[[ Raw data open ]]

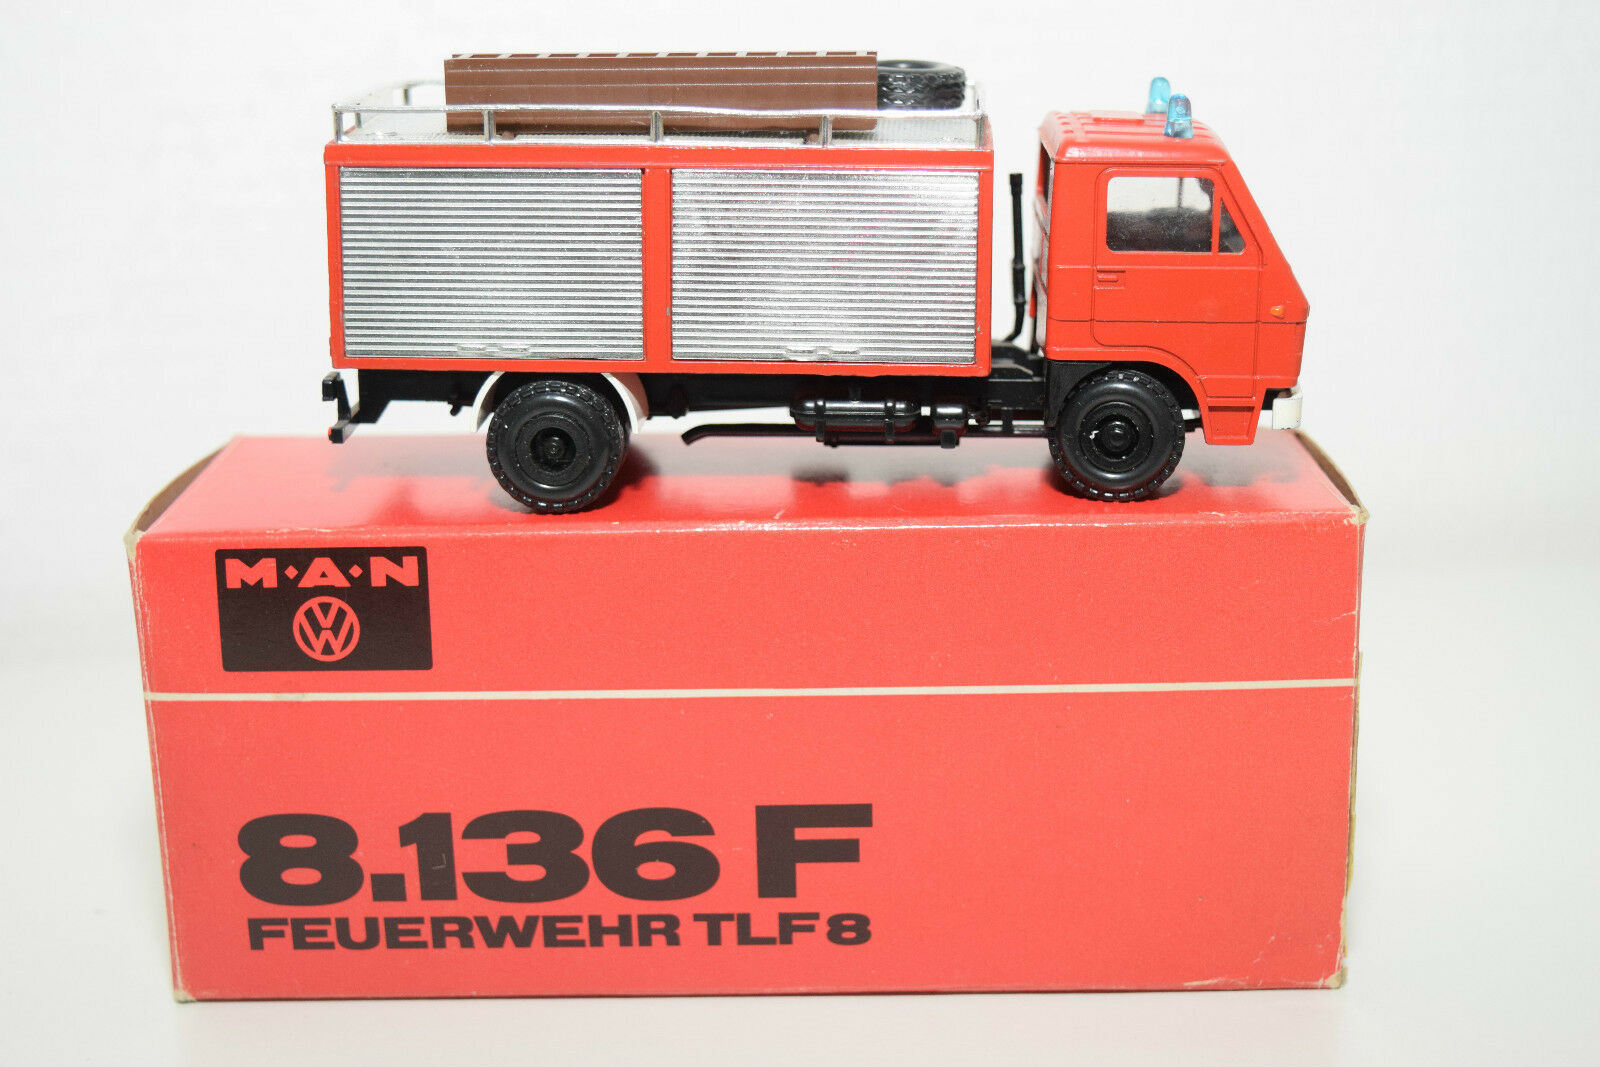 CONRAD MAN M.A.N. 8.136 F 8.136F FEUERWEHR FEUERWEHR FEUERWEHR TLF8 TLF 8 MINT BOXED 5aa54c
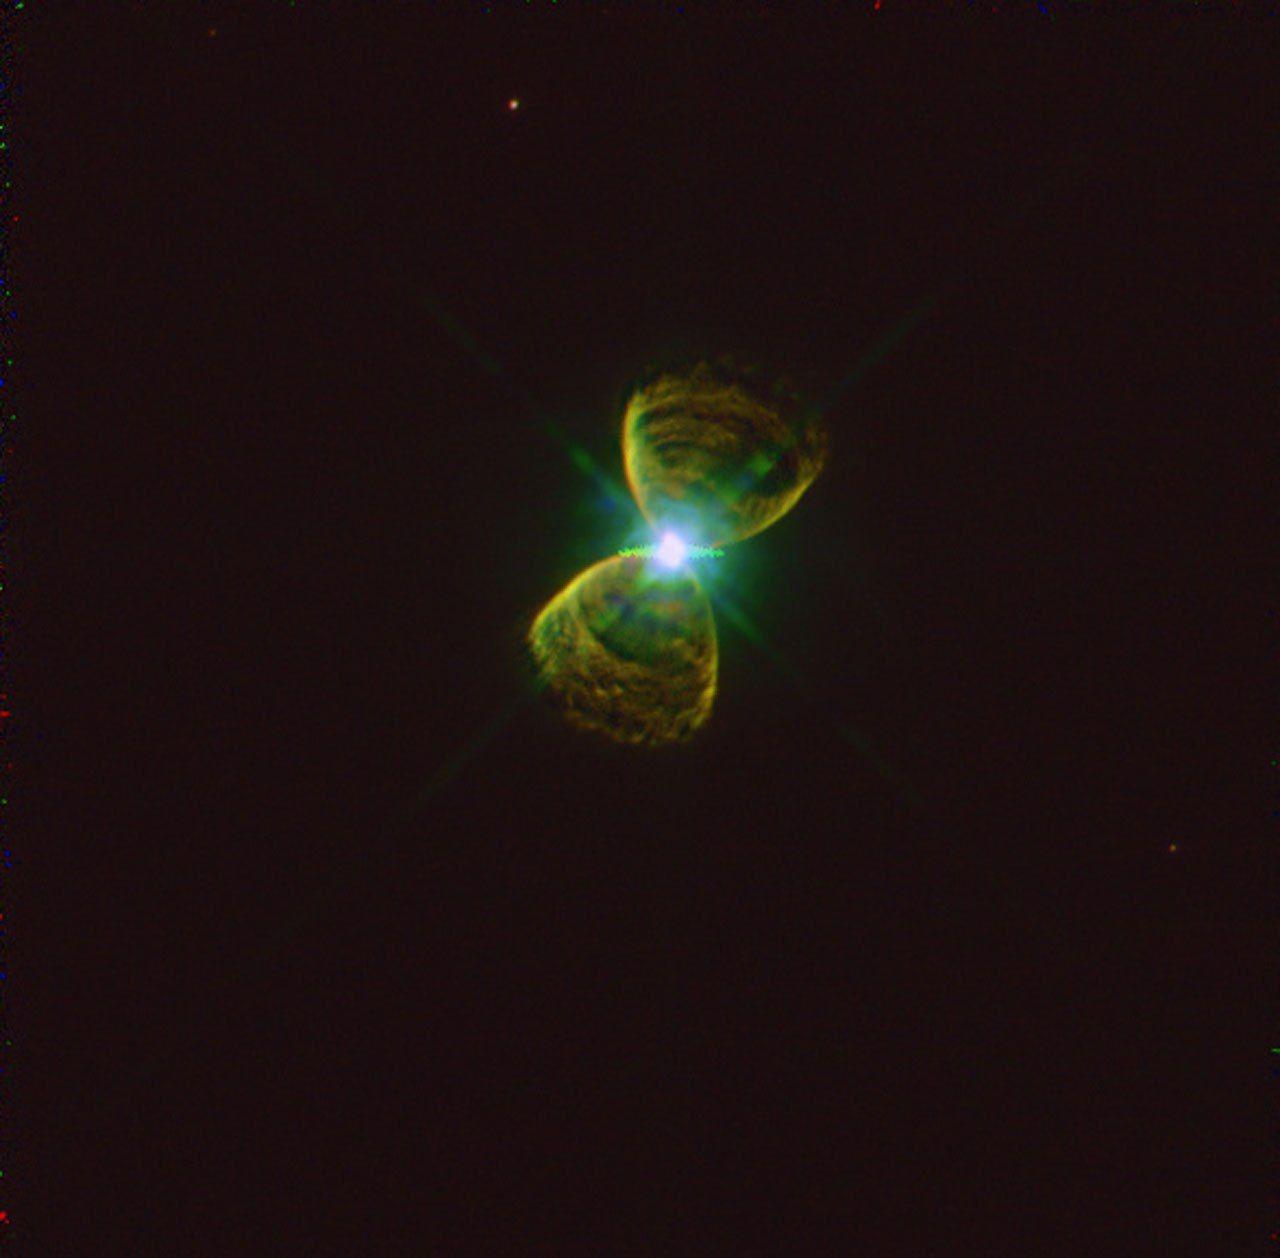 Планетарная туманность PK111-2.1 в созвездии Кассиопея
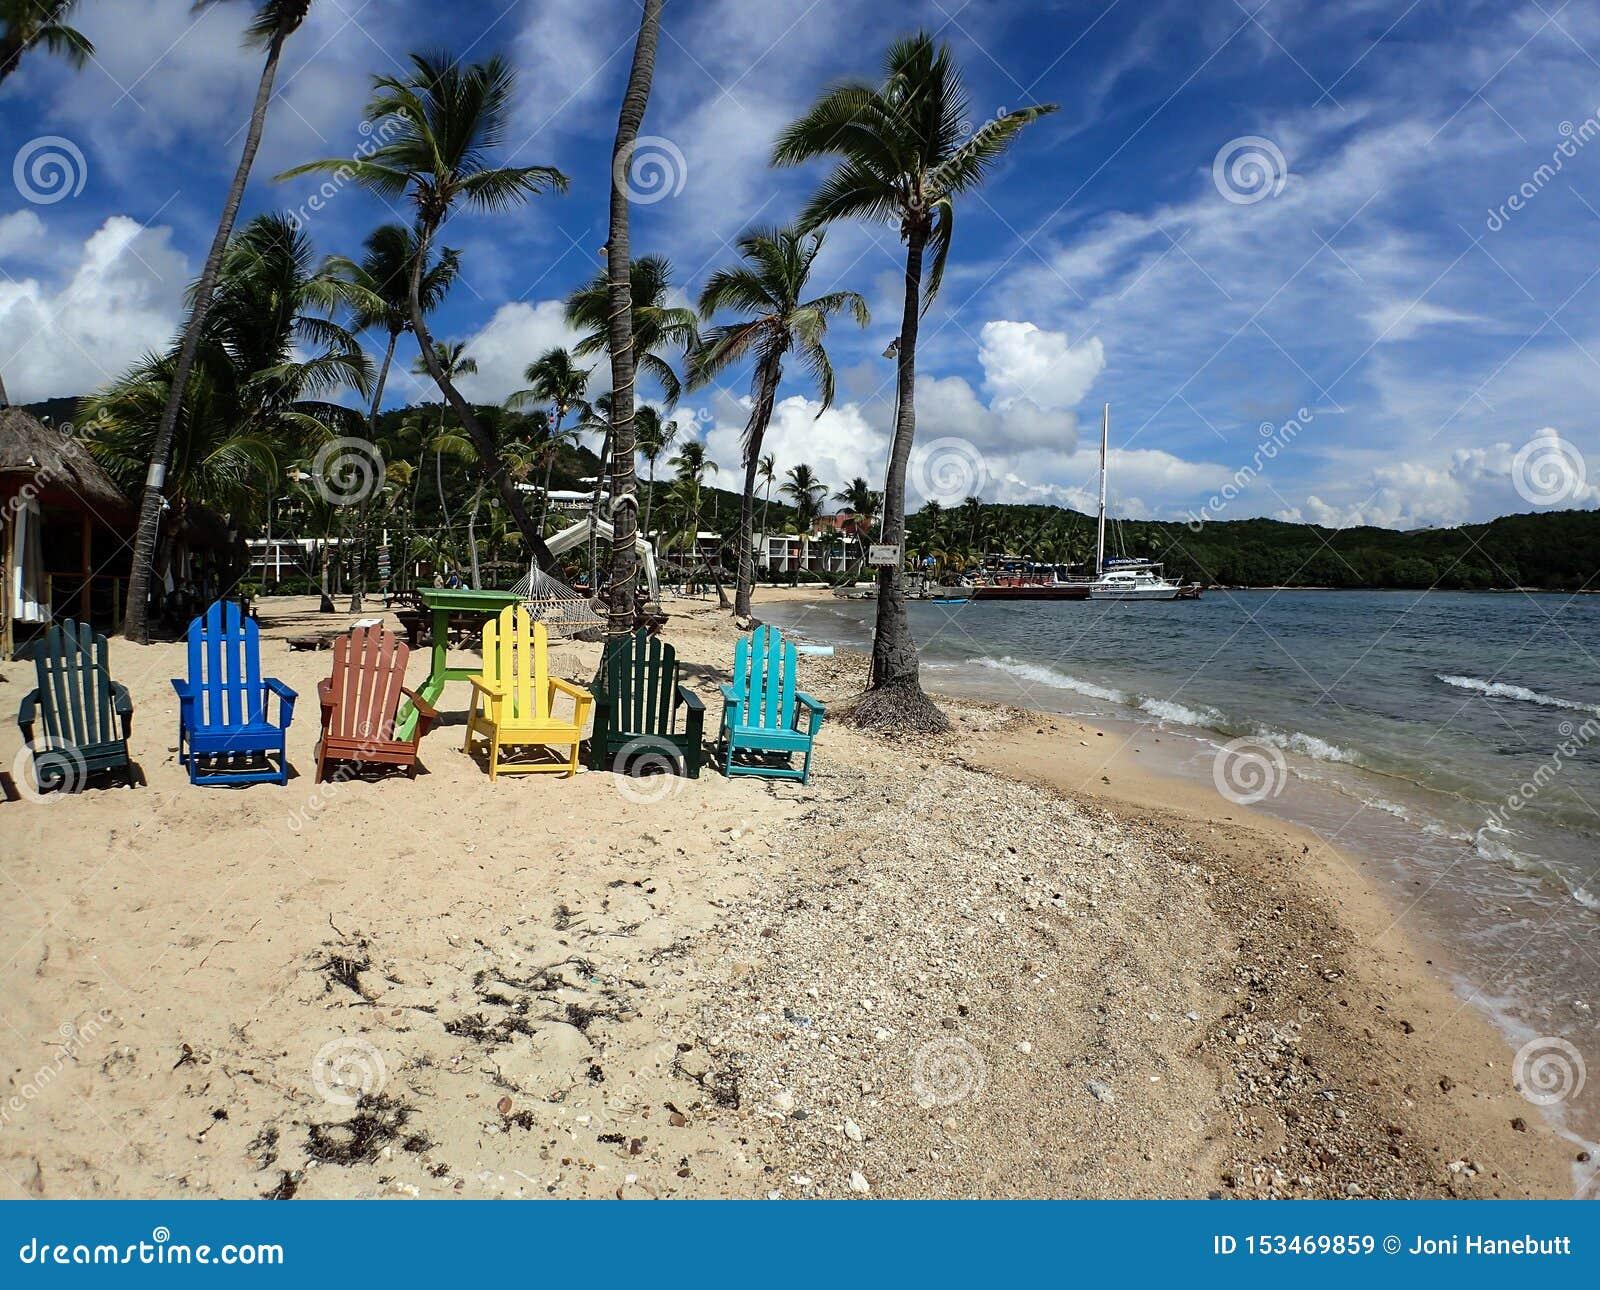 De kleurrijke ligstoelen, palmen, zeilboten bonden tot het dok, en mooi zandstrand

[[ Raw data closed ]]

▶ [Instructions to follow]
The answer must repeat every line of the listing exactly and leave the pictures out.

▶ [Result of the exercise]
 CONRAD MAN M.A.N. 8.136 F 8.136F FEUERWEHR FEUERWEHR FEUERWEHR TLF8 TLF 8 MINT BOXED 5aa54c
 Планетарная туманность PK111-2.1 в созвездии Кассиопея
 De kleurrijke ligstoelen, palmen, zeilboten bonden tot het dok, en mooi zandstrand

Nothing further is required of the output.